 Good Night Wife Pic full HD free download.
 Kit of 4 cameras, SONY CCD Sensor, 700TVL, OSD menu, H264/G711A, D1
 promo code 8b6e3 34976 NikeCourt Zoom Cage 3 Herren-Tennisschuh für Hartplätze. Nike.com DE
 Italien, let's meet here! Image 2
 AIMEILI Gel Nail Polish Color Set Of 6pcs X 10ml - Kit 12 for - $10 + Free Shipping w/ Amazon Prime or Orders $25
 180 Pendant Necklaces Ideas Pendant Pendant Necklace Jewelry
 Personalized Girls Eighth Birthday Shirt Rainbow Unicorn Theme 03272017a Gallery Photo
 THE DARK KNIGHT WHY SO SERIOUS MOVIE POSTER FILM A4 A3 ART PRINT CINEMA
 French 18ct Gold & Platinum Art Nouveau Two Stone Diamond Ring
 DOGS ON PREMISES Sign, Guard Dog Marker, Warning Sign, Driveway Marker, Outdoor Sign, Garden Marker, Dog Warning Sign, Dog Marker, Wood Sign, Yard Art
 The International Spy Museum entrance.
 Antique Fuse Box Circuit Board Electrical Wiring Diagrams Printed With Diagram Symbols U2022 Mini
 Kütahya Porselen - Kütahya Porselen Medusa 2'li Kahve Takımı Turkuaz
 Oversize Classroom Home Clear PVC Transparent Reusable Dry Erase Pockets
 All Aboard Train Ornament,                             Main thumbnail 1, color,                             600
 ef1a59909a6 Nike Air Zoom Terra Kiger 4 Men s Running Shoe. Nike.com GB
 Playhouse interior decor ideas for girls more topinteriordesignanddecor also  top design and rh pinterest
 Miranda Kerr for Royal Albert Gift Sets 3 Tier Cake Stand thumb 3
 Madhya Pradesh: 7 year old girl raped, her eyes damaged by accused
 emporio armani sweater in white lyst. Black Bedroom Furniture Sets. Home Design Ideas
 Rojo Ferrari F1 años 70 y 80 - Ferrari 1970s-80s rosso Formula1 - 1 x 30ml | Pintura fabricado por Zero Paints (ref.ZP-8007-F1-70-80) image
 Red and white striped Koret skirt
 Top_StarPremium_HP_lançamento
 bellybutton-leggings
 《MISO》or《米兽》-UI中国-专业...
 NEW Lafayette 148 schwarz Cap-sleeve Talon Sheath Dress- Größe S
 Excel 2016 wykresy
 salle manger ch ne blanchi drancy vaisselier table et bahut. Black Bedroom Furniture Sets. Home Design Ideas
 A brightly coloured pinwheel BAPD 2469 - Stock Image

- **Required action**: Scan the entries above for the word "Nike" and collect each line holding it.

- **Solution to the exercise**:
 promo code 8b6e3 34976 NikeCourt Zoom Cage 3 Herren-Tennisschuh für Hartplätze. Nike.com DE
 ef1a59909a6 Nike Air Zoom Terra Kiger 4 Men s Running Shoe. Nike.com GB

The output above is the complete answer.